How I Made It: Wayne Bradshaw rose from humble beginnings to shepherd black banks through turmoil
Wayne-Kent Bradshaw, 71, is chief executive of Broadway Federal Bank, an institution he helped rescue from fraud and the recession. It’s now the last African American bank headquartered in the Western United States, and the probable last stop in a successful career that would have seemed unlikely as a teenager in Jamaica. Bradshaw says he has been guided by the firm belief that banking can be a force for good.
Born and raised in Kingston by a single mother, Bradshaw showed early promise. He took and passed a national exam that got him admitted to Wolmer’s, an august prep school that once was reserved only for the children of wealthy families. When he was 14, though, Bradshaw’s mother, Gloria, left Jamaica to find work in Los Angeles, where the job prospects were better. (She applied for a job at Broadway Federal, the bank Bradshaw now runs, but didn’t get the position.)
“I’ve been on my own essentially since I was 14,” he recounts. He lived with a few families — his mother had made arrangements and sent back money — and later with his paternal grandparents. Despite his aptitude, he didn’t take school seriously, was held back and even dropped out for a time. His life turned around after some of his teachers took him under their wing. “I got a lot of help. I was just that lucky kid everybody chose.”
When he was 19, he joined his mother in Los Angeles and started classes at L.A. City College. He had visited Southern California only once before, but the city nevertheless felt familiar — a result of Bradshaw’s love of cinema.
“I’m someone who lived in movie theaters — I still do,” he said. “That gave me a sanitized view of Hollywood, but still a pretty universal picture of L.A. In Jamaica, I lived next to an open-air theater where they’d show triple features — B gangster movies, shoot-’em-ups.”
One of his favorites, though, was “My Fair Lady,” the story of professor Henry Higgins and his quest to help cockney-accented Eliza Doolittle speak like a lady. The tale, adapted from George Bernard Shaw’s “Pygmalion” — itself rooted in Greek myth — contained for him a vital management lesson.
“The professor really believed in Eliza Doolittle — that she could be a lady with training. I’m committed to believing people can be really great. And people pick up on that.
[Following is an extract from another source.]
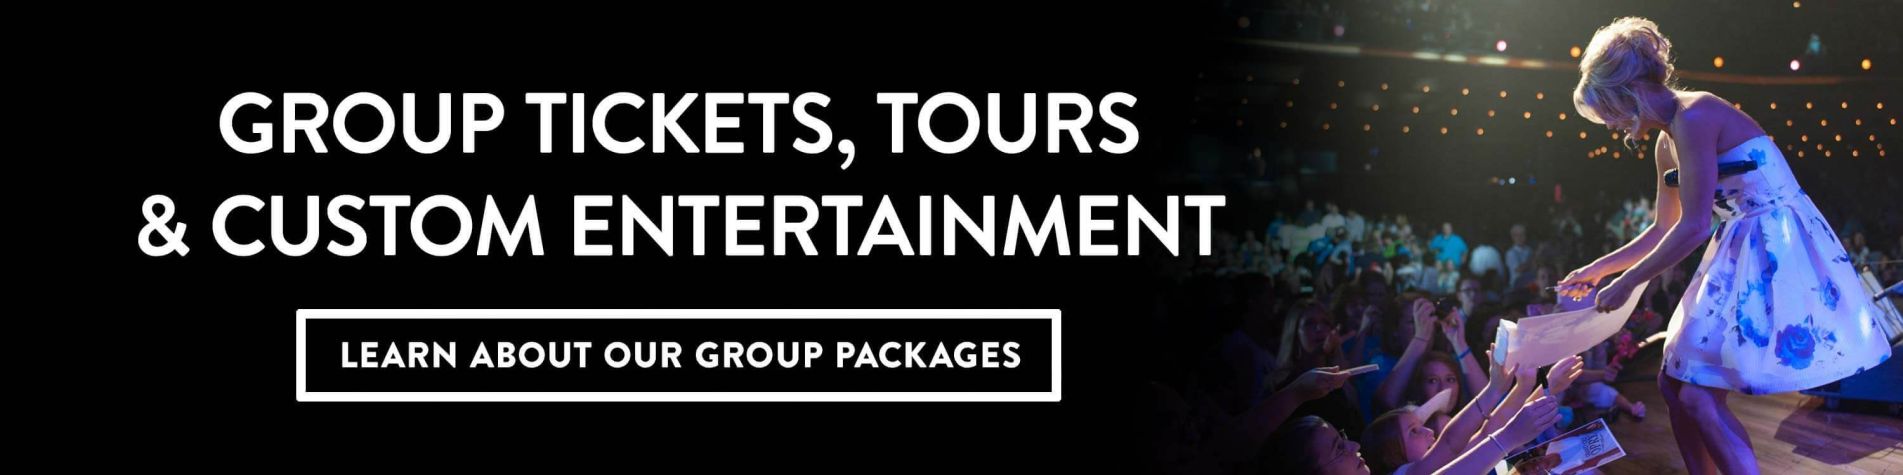 Group Tickets, Tours, and Custom Entertainment - Learn About Our Group Packages

People don’t want to disappoint someone who believes in them.”
After two years in L.A., he earned an athletic scholarship to the University of Arizona, where he ran the 400 meters and studied economics — a subject he felt naturally drawn to. “I’ve always had a tremendous interest in what motivates people, and it seemed to me that economics is a key motivating factor in most cases.”
He planned to continue studying economics and earn a doctorate, but took an interest in banking instead after working for Union Bank during his last summer in college. He started full time at Union Bank in 1970 and earned an MBA from USC, taking classes five nights a week.
He spent 17 years with Union Bank, but not all at once. He left for a few years to work for an engineering firm, then returned and left again to serve as chief deputy superintendent of the California State Banking Department. He went on to co-found Industrial Bank, a Van Nuys lender that was later acquired, before returning to Union Bank once more.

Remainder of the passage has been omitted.